Deputy Maureen O'Sullivan: It comes back to viable projects that have a good reputation and that are working with people in recovery. They are being slowed down in the registration and accreditation process. Community employment schemes are countrywide but I must make a point in respect of Dublin Central, which has twice the national average of lone parents and pockets of which have unemployment rates of 60% and higher. Community employment schemes are vital. Double payments is another issue. In grappling with the issues facing us, some further incentives are needed to get people onto the schemes. As well as what the schemes are doing, we must also consider the services they are providing, particularly child care. Community employment schemes can provide training in child care, as well as the service, but they also provide employment in preschools and crèches. There will be a need for more people with FETAC qualifications. There is a real gap that could be addressed.

 

Deputy Joan Burton: If the Deputy has queries about specific schemes, perhaps she can bring them to my attention. If there are specific issues, I will examine them.
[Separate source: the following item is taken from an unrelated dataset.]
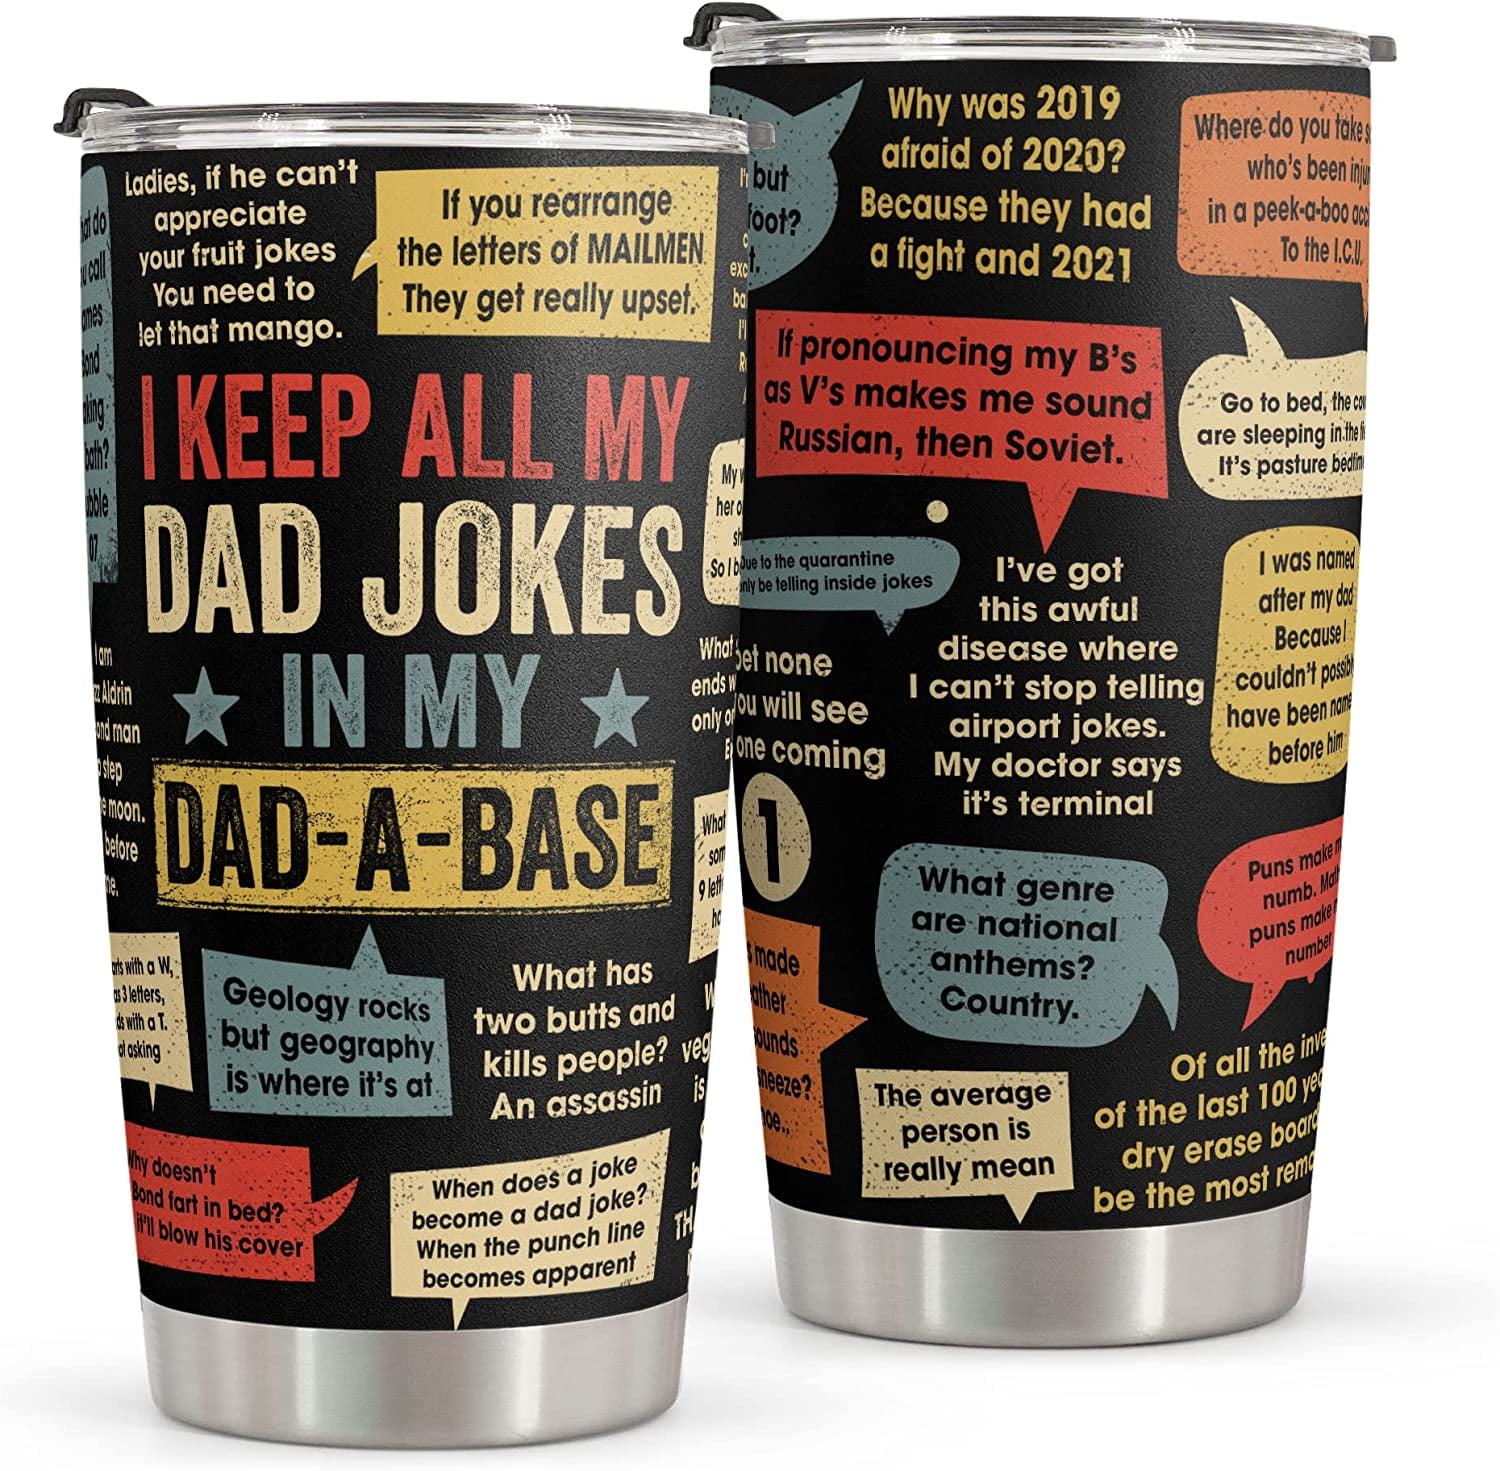 64HYDRO 20oz Birthday Gifts for Men, Dad, Son, Husband, Gifts for Him,  Coffee Thermos for Men, Cool …See more 64HYDRO 20oz Birthday Gifts for Men

With regard to child care, we are working on the idea that all child care places availed of lead to a FETAC level 5 or 6 qualification. Getting to level 5 is a serious qualification in terms of the attractiveness of an individual for the employment opportunities available. Our hope is for a progressive structure with social contact and rehabilitation experience. The HSE can provide therapeutic input, which is separate to what the Department of Social Protection does. There is also a movement into education, personal development and, ultimately, qualifications in areas in which employment is a possibility.